Before taking a little bit of a break for Christmas (Merry sixth day of Christmas by the way, everyone) I’d spoken about the past and the present of City of Heroes, and what I’d lost as a writer and gamer by not having them for a year.  I spoke a bit about my characters Sastra Vidya and Captain Blastoff, what I liked about them, and what I did with them (and what I would have done with them.)  This topic should be a little bit different, though: I don’t know for a fact what the future would hold, and I have no example characters to act as a reference.  But there’s more than enough information to extrapolate.  There were trends that were being set up in City of Heroes, trends that pointed toward some very interesting things.

When City of Heroes first came out, its strength wasn’t necessarily in its stories so much as the strength was in the conflicts represented by the stories.  It was good at giving you a piece of the puzzle.  We knew that the Banished Pantheon was at war with the Circle of Thorns and that this conflict between them might be exploitable for the greater good.  We knew that there was an alternate dimension with evil versions of the game’s core heroes running the show.  We knew that everything could very easily be part of a Nemesis Plot.
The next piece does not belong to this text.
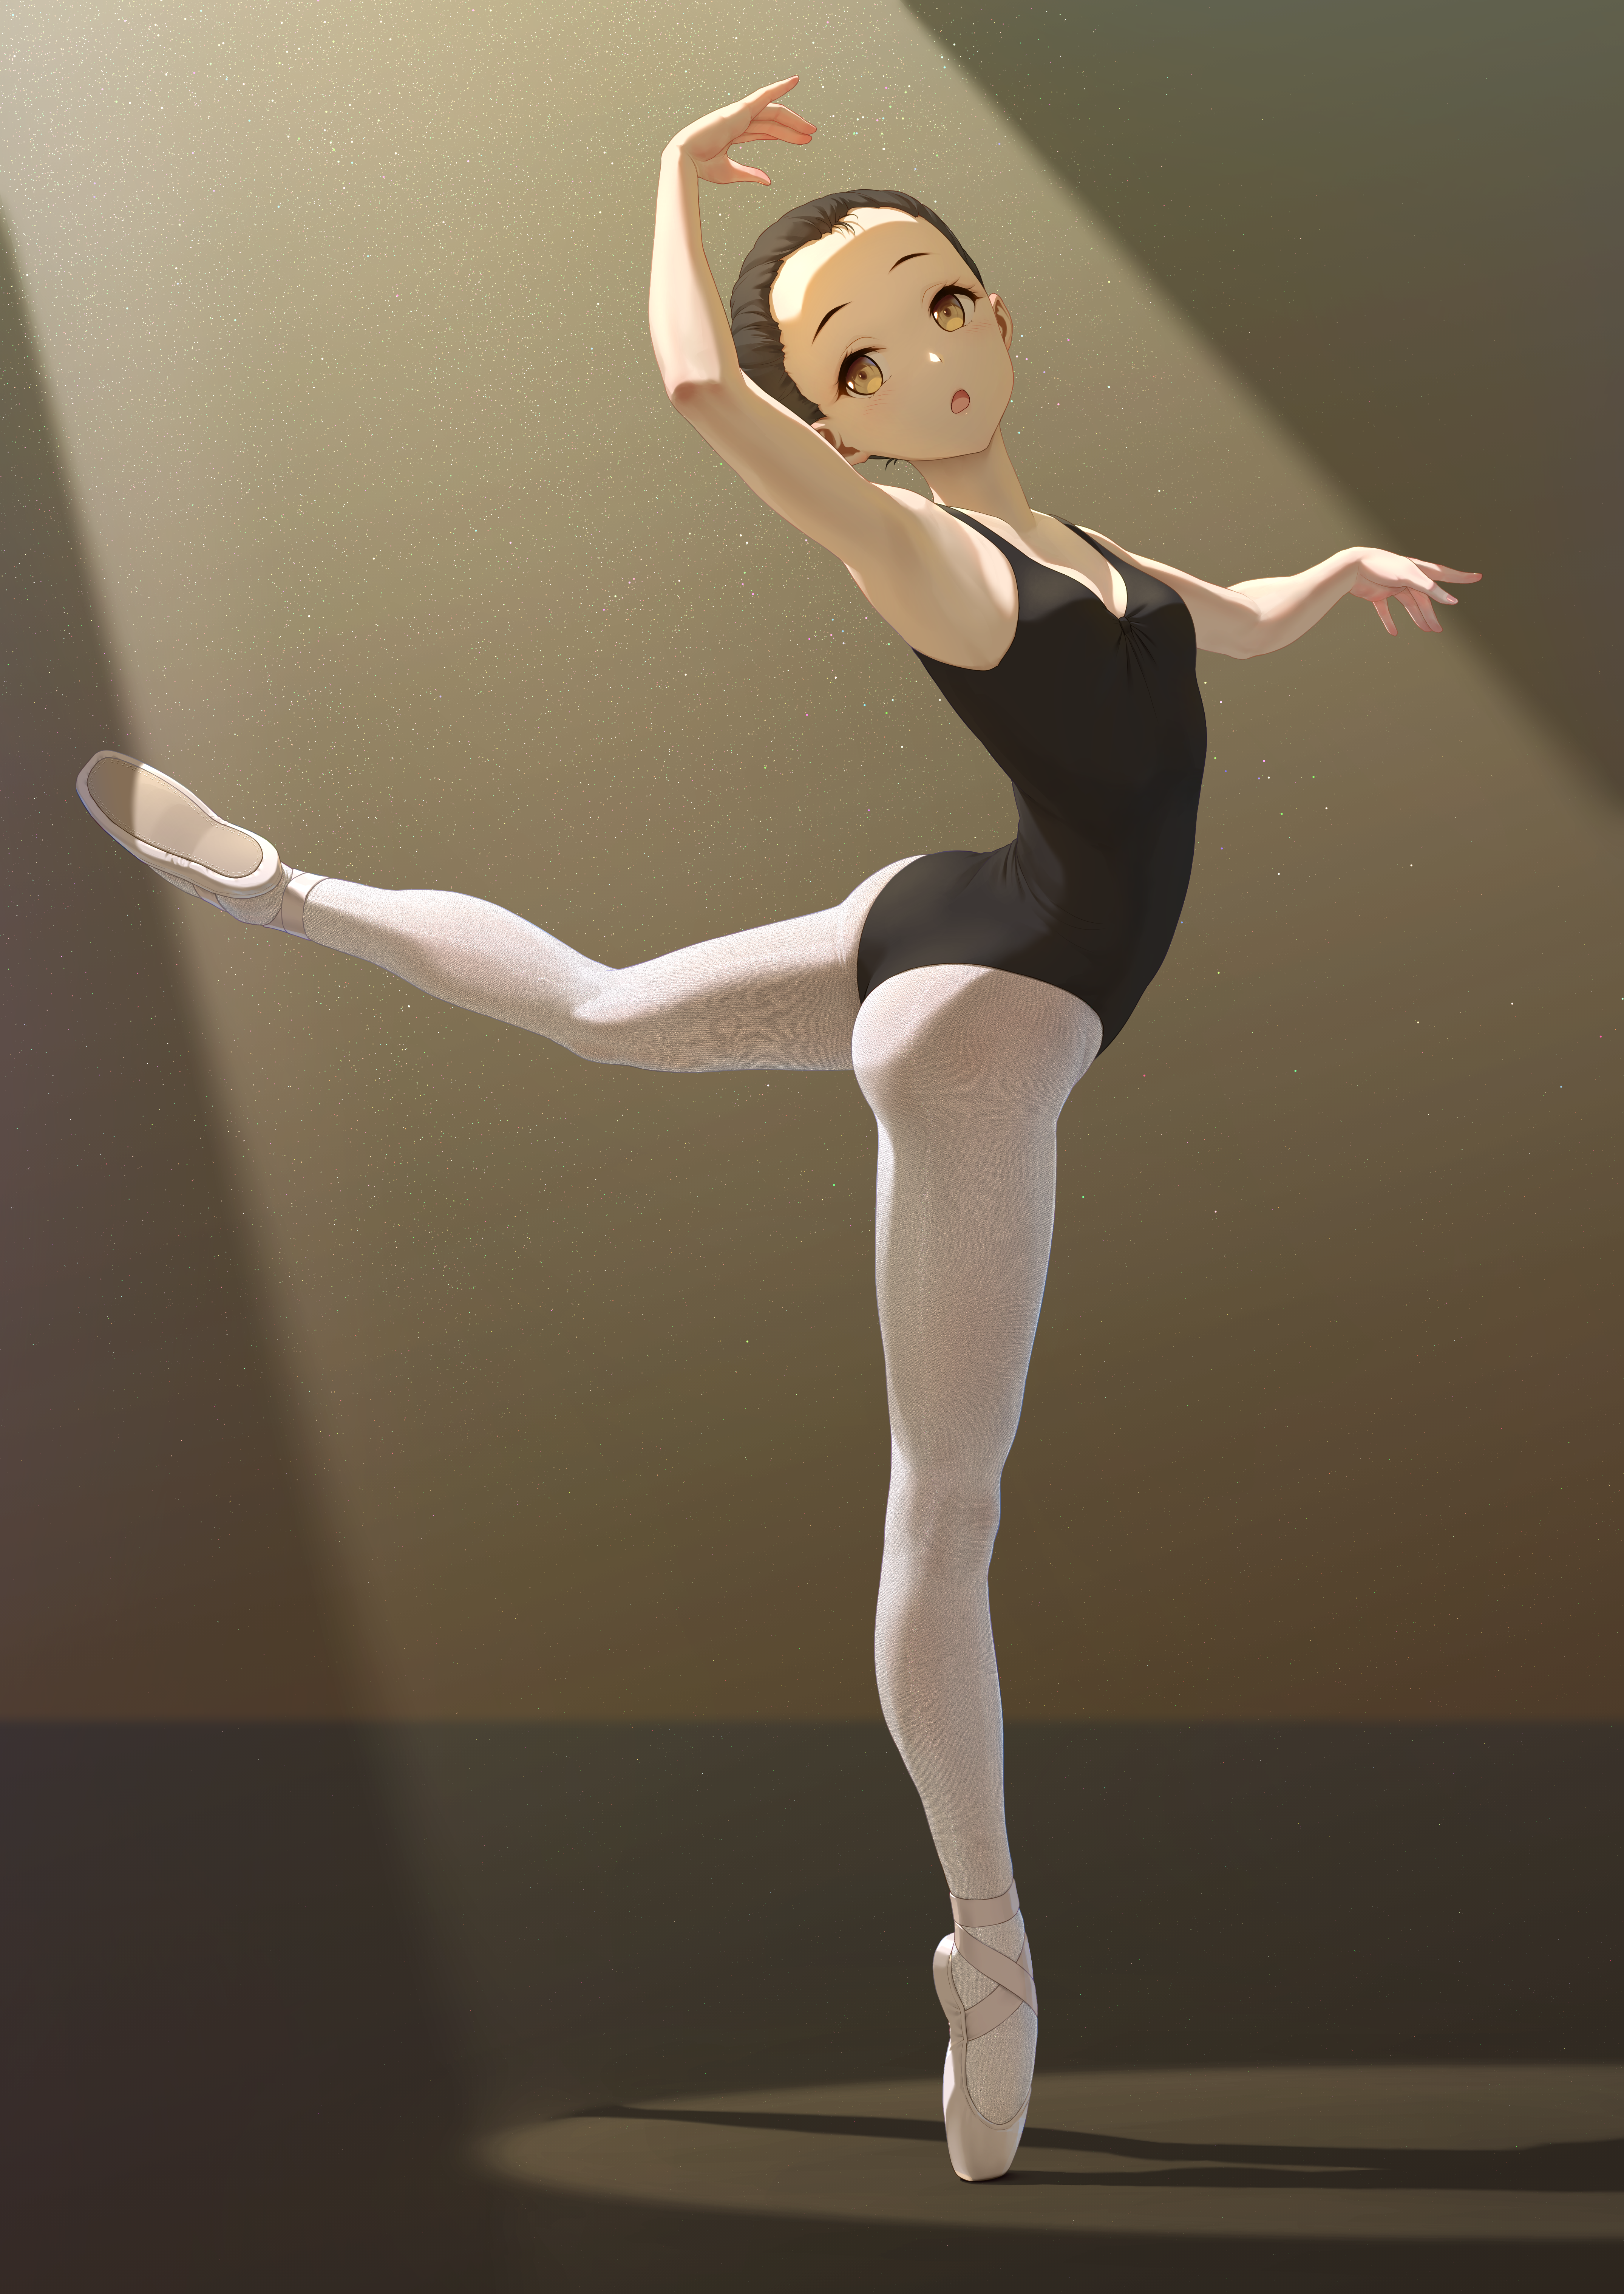 The Pretty Lady Ballet by Disneyponyfan on DeviantArt
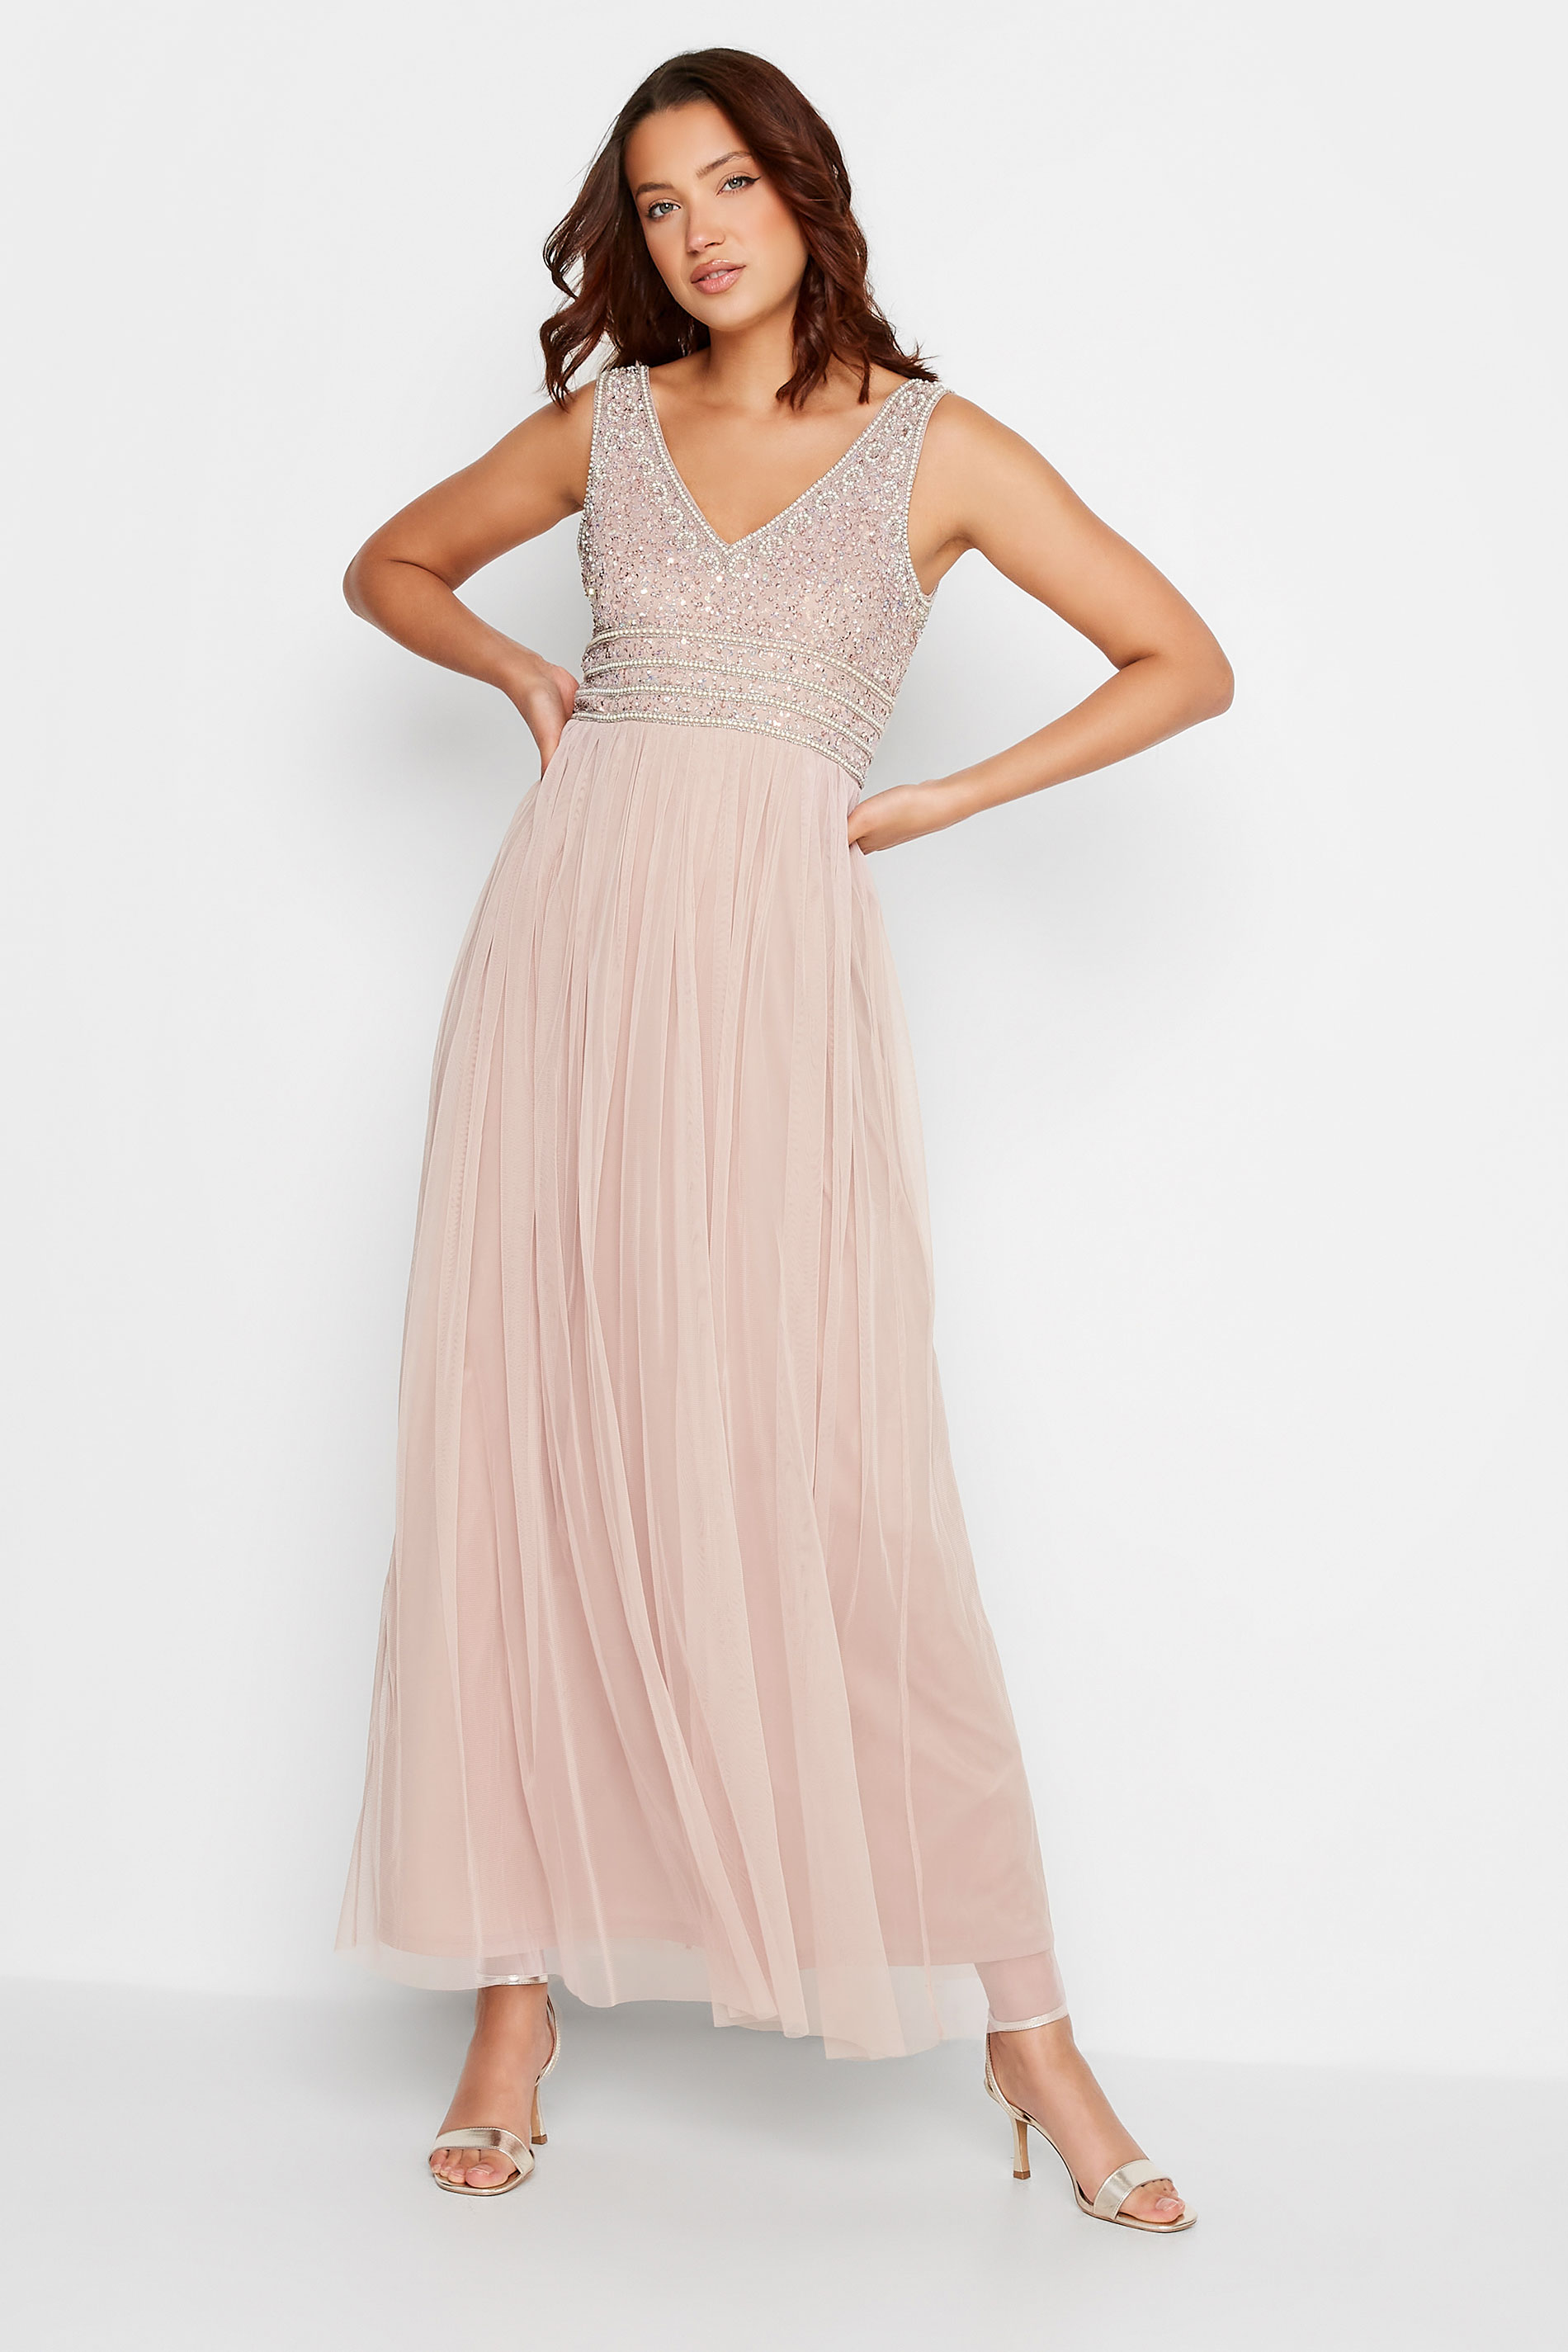 LTS Tall Women's Blush Pink Sequin Hand Embellished Maxi Dress | Long Tall Sally 1

City of Heroes spent most of its life building a framework.  The Rogue Isles weren’t around at first, and mayhem missions (not to mention safeguard missions) were additions to the game.  It’s sometimes hard to imagine City of Heroes without the Ouroboros time travel system that allowed players to go back in time to previous missions, for instance.  I myself only started playing during the month of the third anniversary of the game (making the Merrymaker badge my first badge in the game, ignoring things like the Pocket D VIP Membership badge and such I got for my version of the game).  This was right after Issue 9 was revealed, meaning that I never played a version of City of Heroes that didn’t have the Invention system.  Just think: a world where you couldn’t design your own power enhancements, and had to settle for whatever enemies dropped.  No wonder Hamidon-Origin enhancements gained such a fan base.  This framework was important for the last few years of gameplay when the design… shifted.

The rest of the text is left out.